The input text is tokenized
The model computes a representation of the sequence
The model outputs scores ranking the likelihood of each token in its vocabulary
A token is selected based on these scores using various decoding strategies

The simplest decoding strategy is to always select the token with the maximum score, though more sophisticated strategies exist for different use cases.
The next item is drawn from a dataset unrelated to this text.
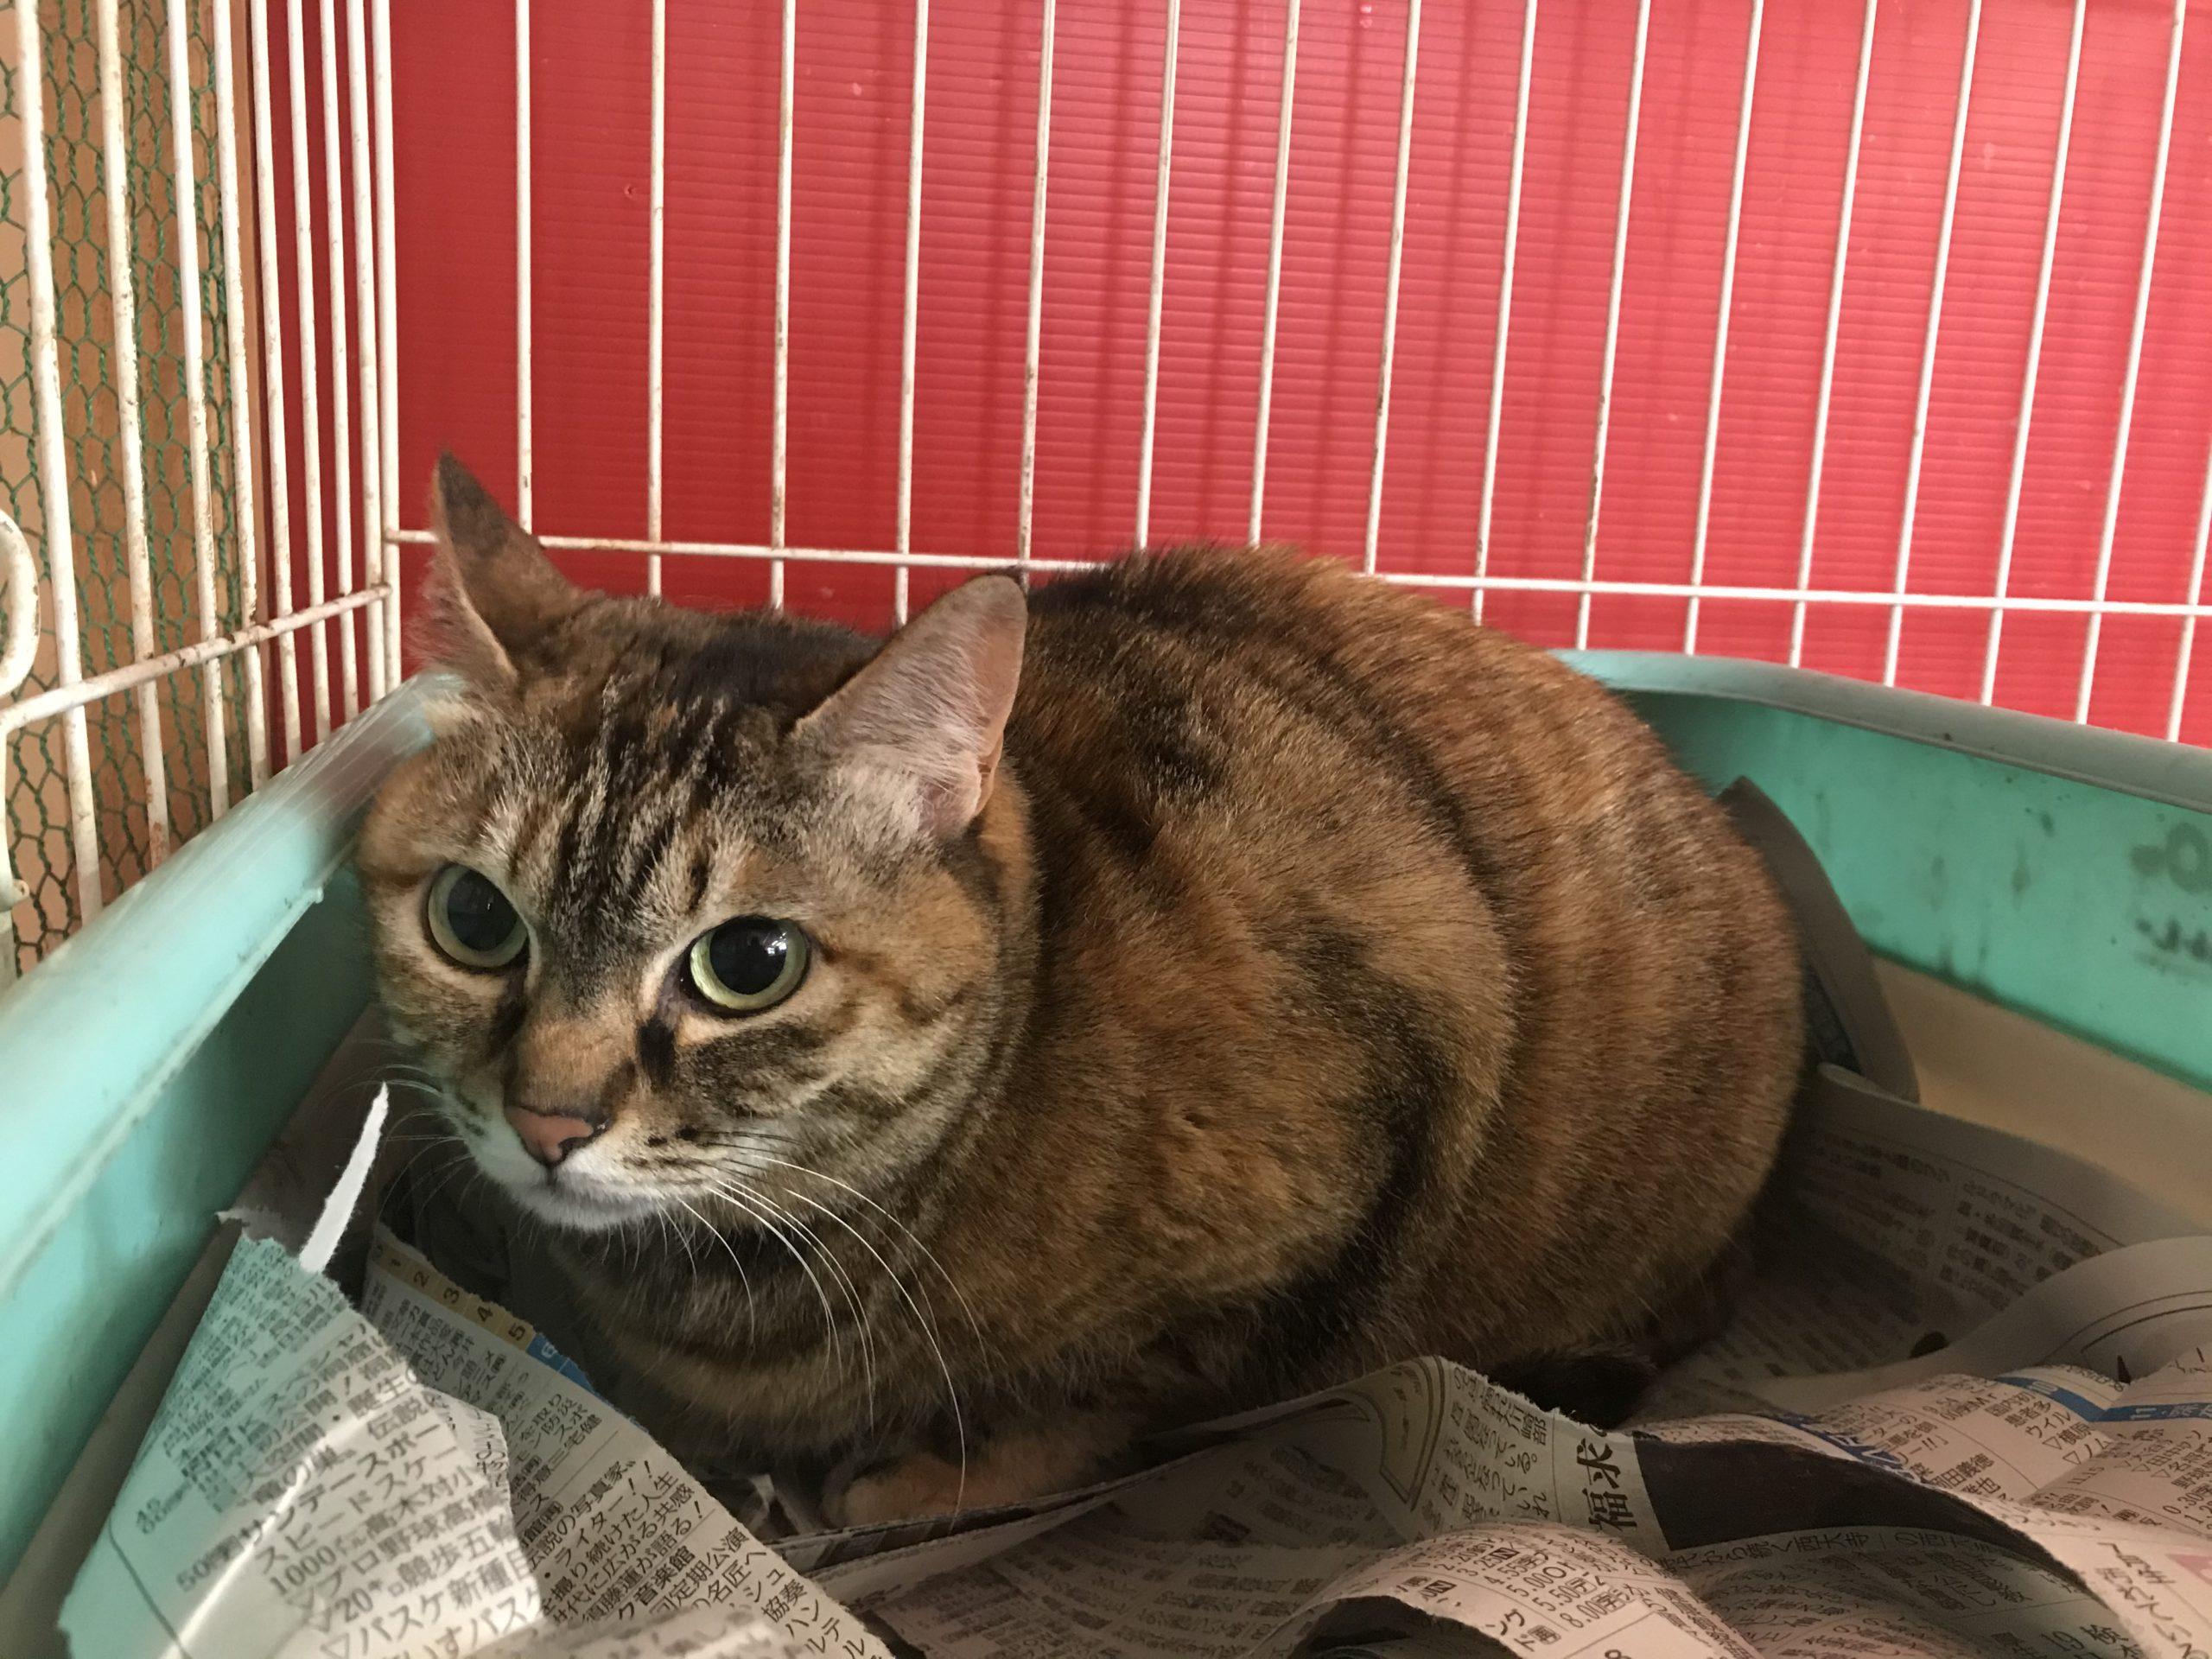 <p></p> <ul> <li>猫種:日本猫 キジトラ</li> <li>性別:女の子</li> <li>名前:ちゃん</li> <li>年齢:2016年12月</li> <li>保護経緯:飼い主様が転勤の為飼育困難になりました</li> </ul>
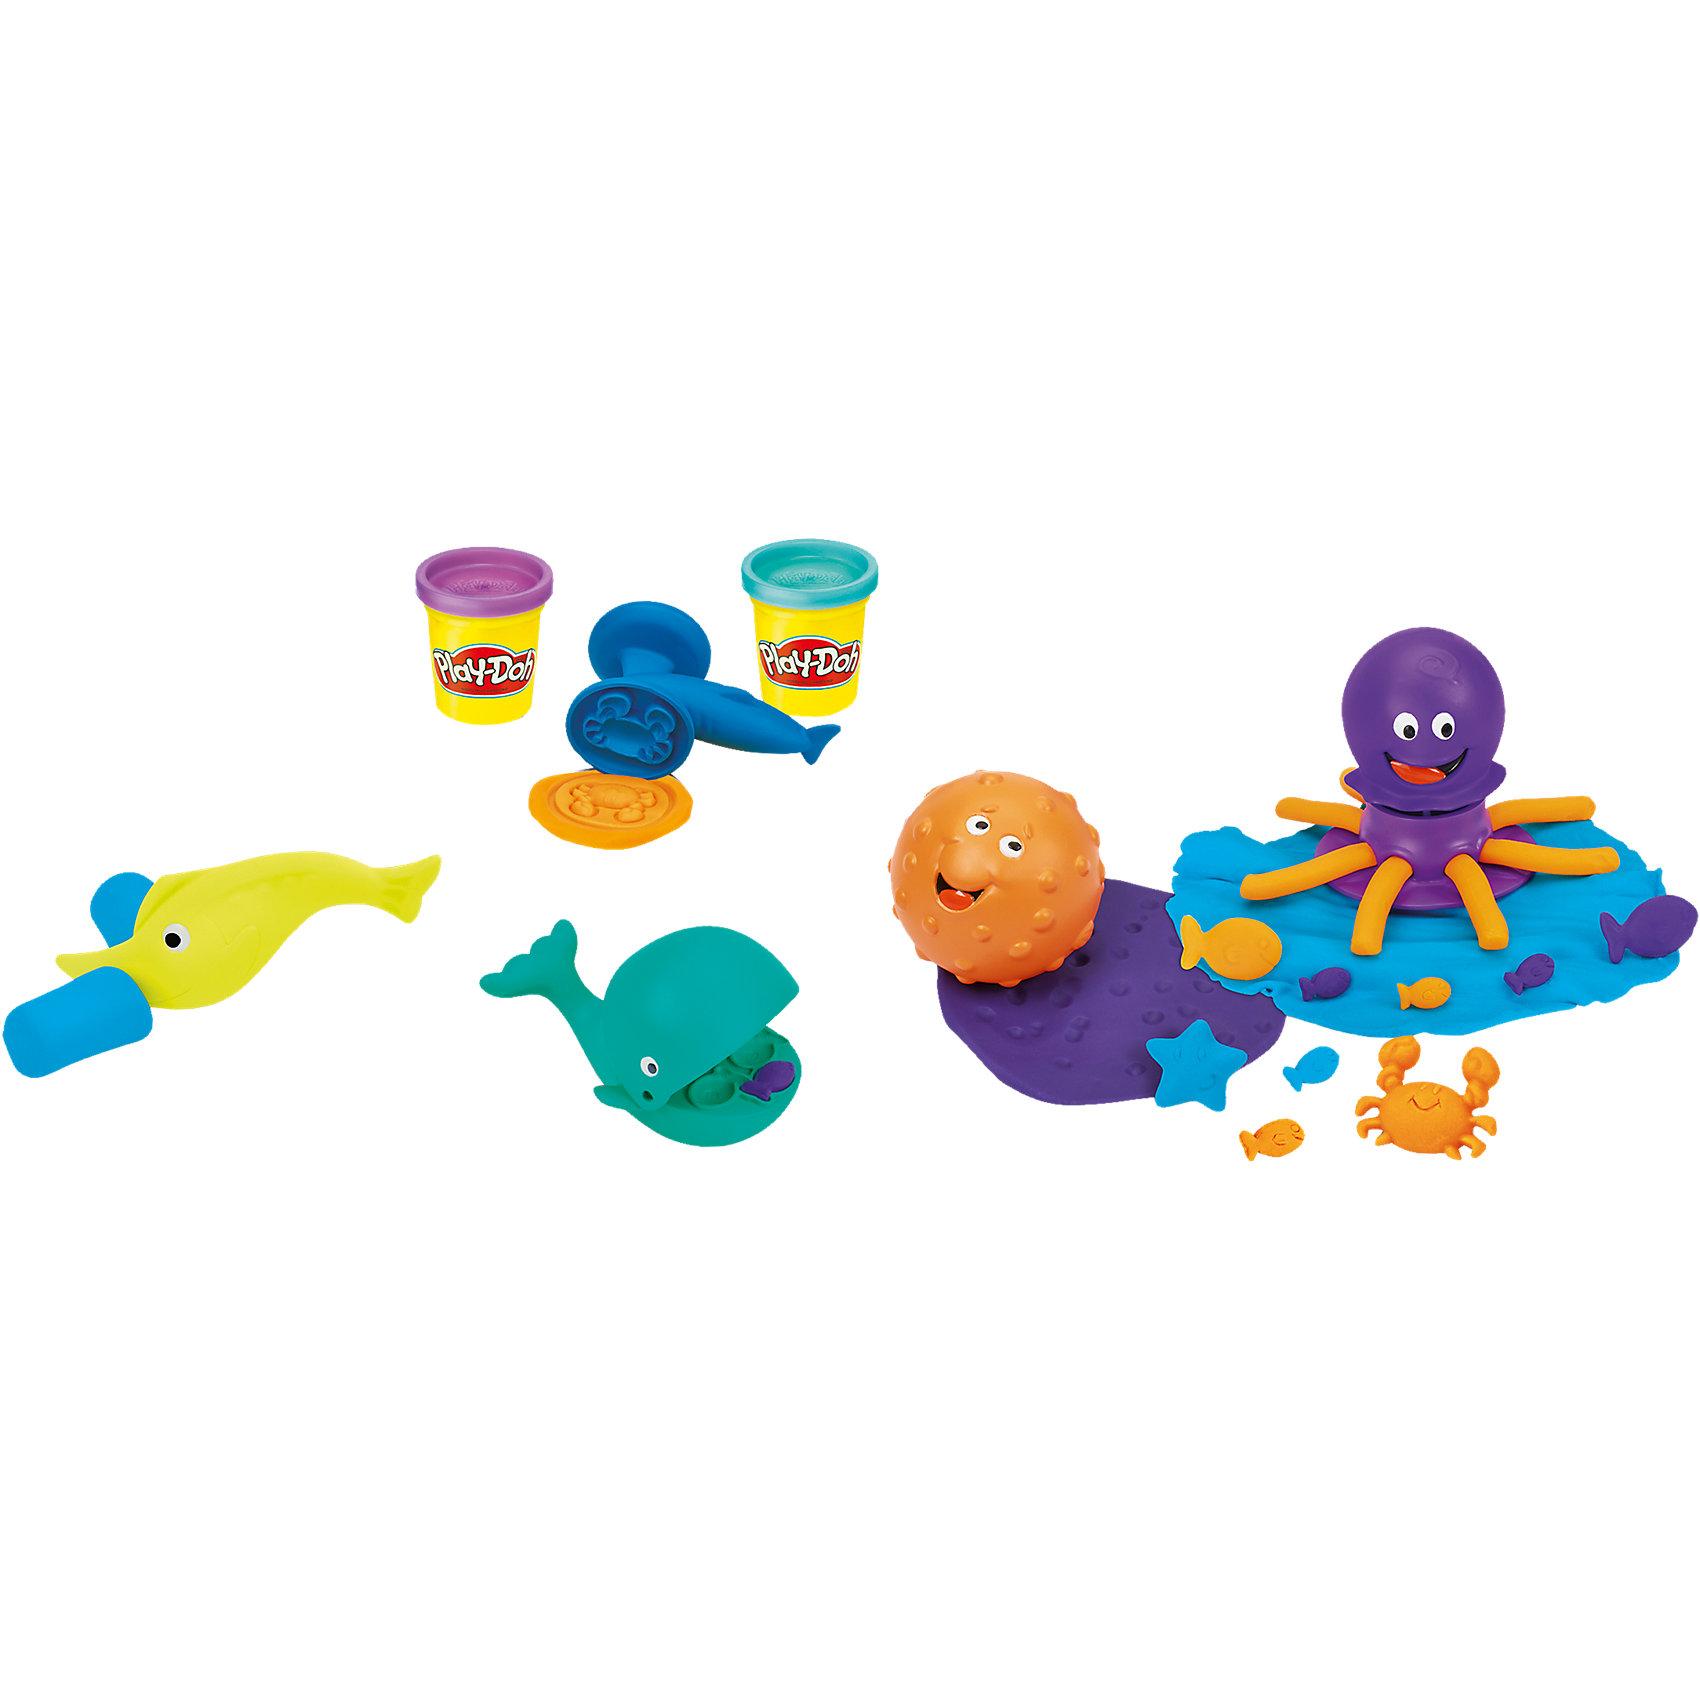 Игровой набор Подводный мир, Play-DohЛепка<br>Игровой набор Подводный мир, Play-Doh (Плэй-До) подарит много часов веселья и полезного времяпрепровождения: режь, штампуй, выдавливай, раскатывай и многое другое!<br><br>Характеристики:<br>-Пластилин создан из пищевых компонентов, благодаря чему он абсолютно безопасен <br>-Пластилин не липнет к рукам, не оставляет следов на одежде, имеет приятный запах<br><br>Комплектация: штамп акула-молот, ролик рыба-молот, экструдер-осьминог, рыба-резак, форма для выдавливания в виде кита , 3 баночки разноцветного пластилина<br><br>Дополнительная информация:<br>-Материалы: пластик, пластилин<br><br>Игровой набор Подводный мир от Плэй-До обязательно понравится всем маленьким любителям проводить время за лепкой!<br><br>Игровой набор Подводный мир, Play-Doh (Плэй-До) можно купить в нашем магазине.<br><br>Ширина мм: 211<br>Глубина мм: 180<br>Высота мм: 63<br>Вес г: 425<br>Возраст от месяцев: 36<br>Возраст до месяцев: 72<br>Пол: Унисекс<br>Возраст: Детский<br>SKU: 4156434

LLM Architectures in Detail

Large Language Models leverage various neural network architectures, each with unique strengths for different applications. Here’s a deeper look at the major architectures powering modern LLMs:

Recurrent Neural Networks (RNNs)

RNNs were among the first architectures successfully applied to sequential data like text:

Mechanism: Uses a feedback loop to maintain information about previous inputs, processing data sequentially
Variants: Simple RNN, LSTM (Long Short-Term Memory), GRU (Gated Recurrent Units)
Strengths: Effective for sequential processing and pattern recognition in time-series data
Limitations: Struggles with long-range dependencies due to vanishing gradient problems

Transformers: The Current Standard

The Transformer architecture revolutionized NLP by enabling parallel processing and effective modeling of long-range dependencies:

Key Innovation: Self-attention mechanism that weighs the importance of different words in relation to each other
Processing: Processes entire sequences simultaneously rather than sequentially
Components: Multi-head attention, feed-forward networks, residual connections, and normalization layers
Parallelization: Enables efficient training on massive datasets by processing tokens in parallel

Encoder-Only vs. Decoder-Only Architectures

LLMs commonly use variations of the transformer architecture:

Architecture Type	Example Models	Primary Use Cases	Characteristics
Encoder-Only	BERT, RoBERTa	Text classification, sentiment analysis, NER	Bidirectional attention, understanding context
Decoder-Only	GPT, Llama, Mistral	Text generation, creative writing, code completion	Autoregressive generation, unidirectional attention
Encoder-Decoder	T5, BART	Translation, summarization, paraphrasing	Combines understanding and generation capabilities

Generative Adversarial Networks (GANs)

While less common for pure language models, GANs have influenced certain aspects of generative AI:

Architecture: Two neural networks (generator and discriminator) compete in a game-theoretic scenario
Training Process: Generator creates outputs while discriminator evaluates authenticity
Applications: Primarily used in image generation but has applications in text style transfer and data augmentation

Variational Autoencoders (VAEs)

VAEs provide another approach to generative modeling:

Design: Encoder-decoder framework that compresses input data into a latent space
Probabilistic Approach: Models data using probability distributions in latent space
Applications: Text generation with controlled attributes, semantic manipulation of text

Diffusion Models

Emerging as powerful generative models primarily for images but with growing text applications:

Process: Gradually introduces noise to data, then learns to reverse this process
Training: Models learn to denoise or reconstruct distorted examples
Text Applications: Being explored for controlled text generation and editing

Architecture Comparison

Architecture	Processing Approach	Training Method	Strengths	Limitations
RNNs	Sequential	Backpropagation through time	Memory efficient	Limited context window
Transformers	Parallel	Self-attention	Captures long-range dependencies	Computationally intensive
GANs	Competitive	Adversarial	High-quality outputs	Training instability
VAEs	Probabilistic	Variational inference	Controls generation attributes	Less precise than transformers
Diffusion	Iterative denoising	Denoising score matching	High-quality generation	Computationally expensive

LLM Training Approaches

Modern LLMs typically follow a multi-stage training process:

Pretraining: Learning language patterns from massive text corpora
Supervised Fine-tuning: Teaching models to follow instructions with labeled examples
Reinforcement Learning from Human Feedback (RLHF): Refining model outputs based on human preferences

This progression has led to increasingly capable models that can understand context, generate coherent text, and follow nuanced instructions.